A record of 500 participants from across the globe with various subject matter knowledge are on Guam for the bi-annual three-day conference. From leaders in Columbia to Oakland - some say that even if Oceans separate them, they share solutions to combat climate change.
"What we have learned in the U.S. is that we cannot wait for our President to act," California Dream Corps director Vien Truong said. "We have to make sure that we are working together across the globe and across communities."
It's an international collaboration focused on giving the next generation a greener future. Topics ranging from zero waste to coral reefs allow attendees to interrogate issues and come up with ideas to implement on global scale. Also on the table - news of Guam's military buildup and the preservation of cultural land and artifacts.

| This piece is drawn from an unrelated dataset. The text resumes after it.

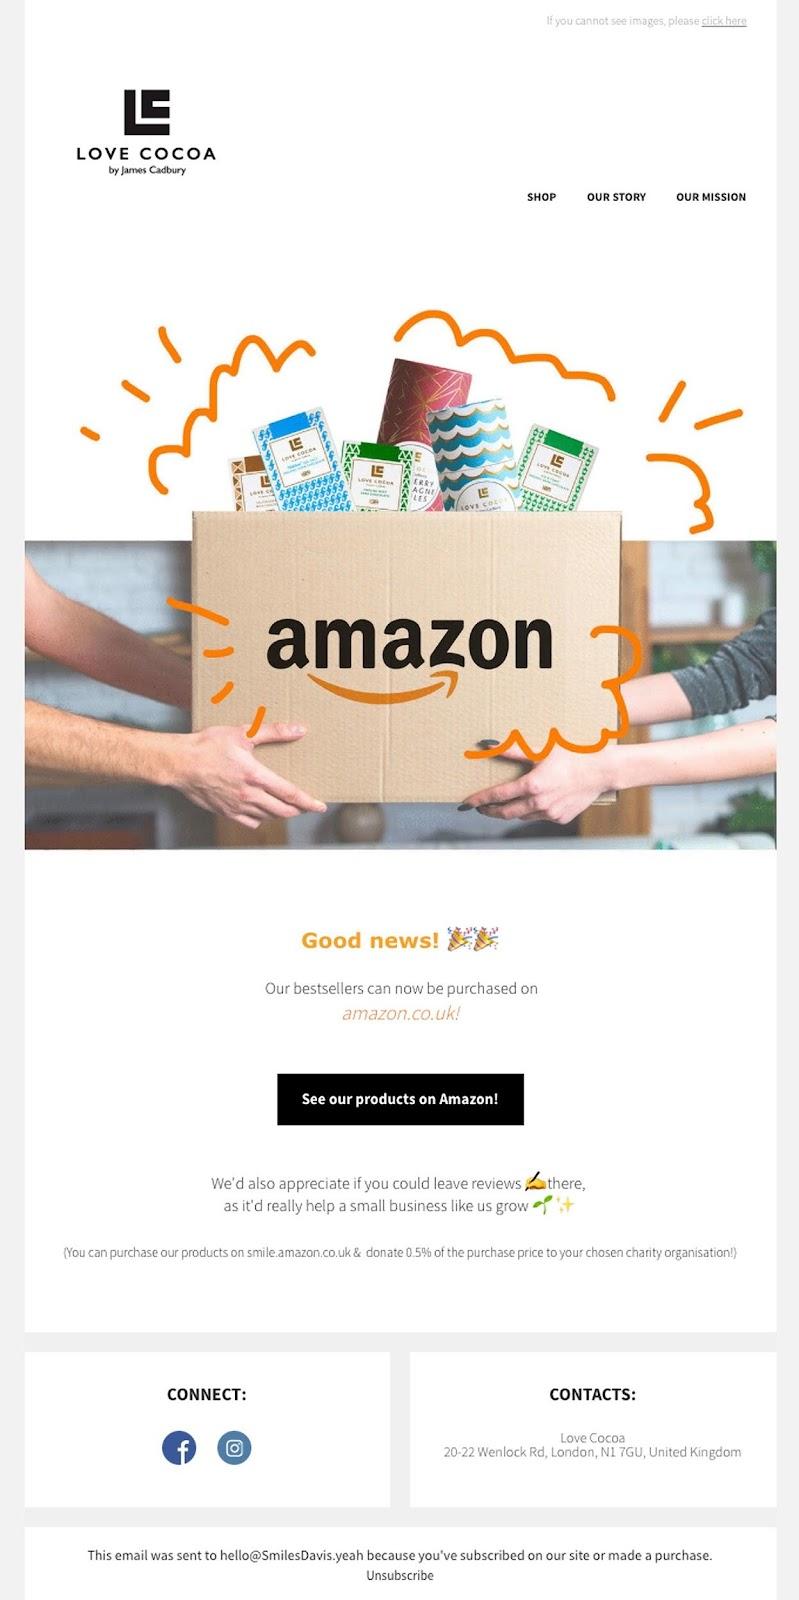 Love Cocoa's Amazon UK availability

Acting Lt. Gov Tina Muna Barnes says she caught up off-island visitors with the matter.
"Because if we lose what is vitally given to us as a gift, then our children will suffer for generations to come," she said.
Indigenous people's scholar and Native American environmentalist Jon Waterhouse from Oregon, a veteran himself, says there is room to engage all stakeholders when it comes to the environment.
"We have the great honor to work around the world and just in the last few days the people here seem more engaged to take care of this beautiful island than a lot of places we go," he said.